Home Design Makeover
Para Android e iOSCuando quiero desconectar con algo creativo, prefiero un juego que me deje tomar decisiones a mi ritmo en lugar de exigirme reflejos o combates constantes. Home Design Makeover encaja precisamente en ese espacio: es un juego de simulación centrado en renovar viviendas, elegir estilos y convertir habitaciones poco atractivas en espacios con personalidad. Lo he encontrado especialmente cómodo para partidas cortas, aunque también puede ocupar una tarde entera si me engancho con una reforma.

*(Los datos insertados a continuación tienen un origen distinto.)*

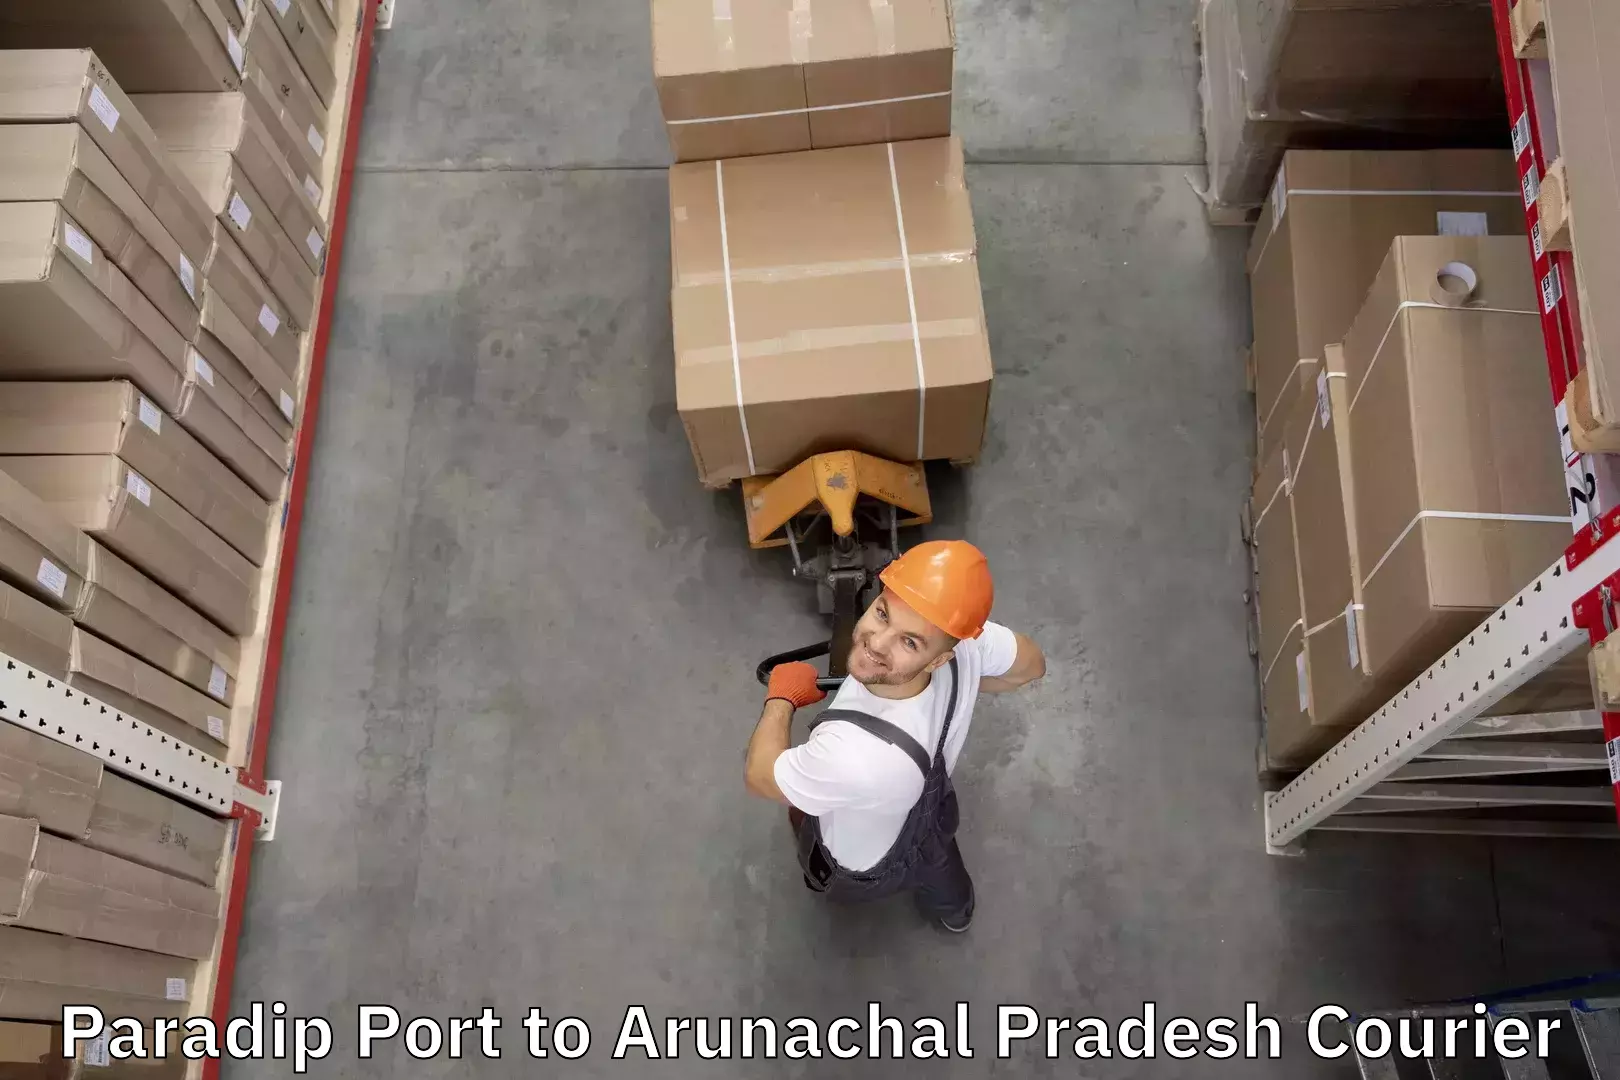 Reliable luggage courier Paradip Port to Arunachal Pradesh

La propuesta de Storm8 Studios es sencilla de entender desde el primer momento. Hay una casa que necesita cambios, aparecen decisiones decorativas y yo voy avanzando hasta conseguir una transformación visual. El resumen de la tienda, “Diseña la casa de tus sueños”, describe bien la intención general, pero la experiencia real depende mucho de cuánto disfrute uno comparando colores, muebles y acabados. No es un simulador técnico de arquitectura: es una fantasía de interiorismo accesible, pensada para que cada mejora se sienta clara y satisfactoria.
Su valoración media de 4,3, basada en alrededor de 220 mil valoraciones, y sus más de 10 millones de instalaciones muestran que ha encontrado un público amplio. Es gratuito, tiene clasificación PEGI 3 y funciona desde Android 7.0. En mi caso, lo más importante no fue la cantidad de contenido, sino que cada sesión ofrece una meta concreta: terminar una zona, probar una combinación o simplemente avanzar un poco en una reforma.
Cómo funciona en una casa compartida
Una experiencia fácil de turnarse
En un dispositivo compartido, este juego tiene una ventaja evidente: se entiende mirando la pantalla. No hace falta explicar una historia compleja ni recordar controles difíciles. Una persona puede escoger un sofá, otra opinar sobre las paredes y una tercera decidir si el resultado necesita más color. Ese carácter visual lo convierte en una opción natural para jugar en compañía, incluso cuando los participantes tienen edades o experiencia muy distintas.
Yo lo veo funcionando bien en una situación cotidiana: después de cenar, alguien empieza una reforma mientras otra persona mira desde el sofá y comenta las opciones. El turno no necesita una preparación especial y la partida puede detenerse cuando la conversación cambia de tema. Después, se puede retomar sin que el grupo tenga que reconstruir una estrategia complicada. Esa flexibilidad es más valiosa de lo que parece en un hogar donde el móvil o la tableta circulan entre varias personas.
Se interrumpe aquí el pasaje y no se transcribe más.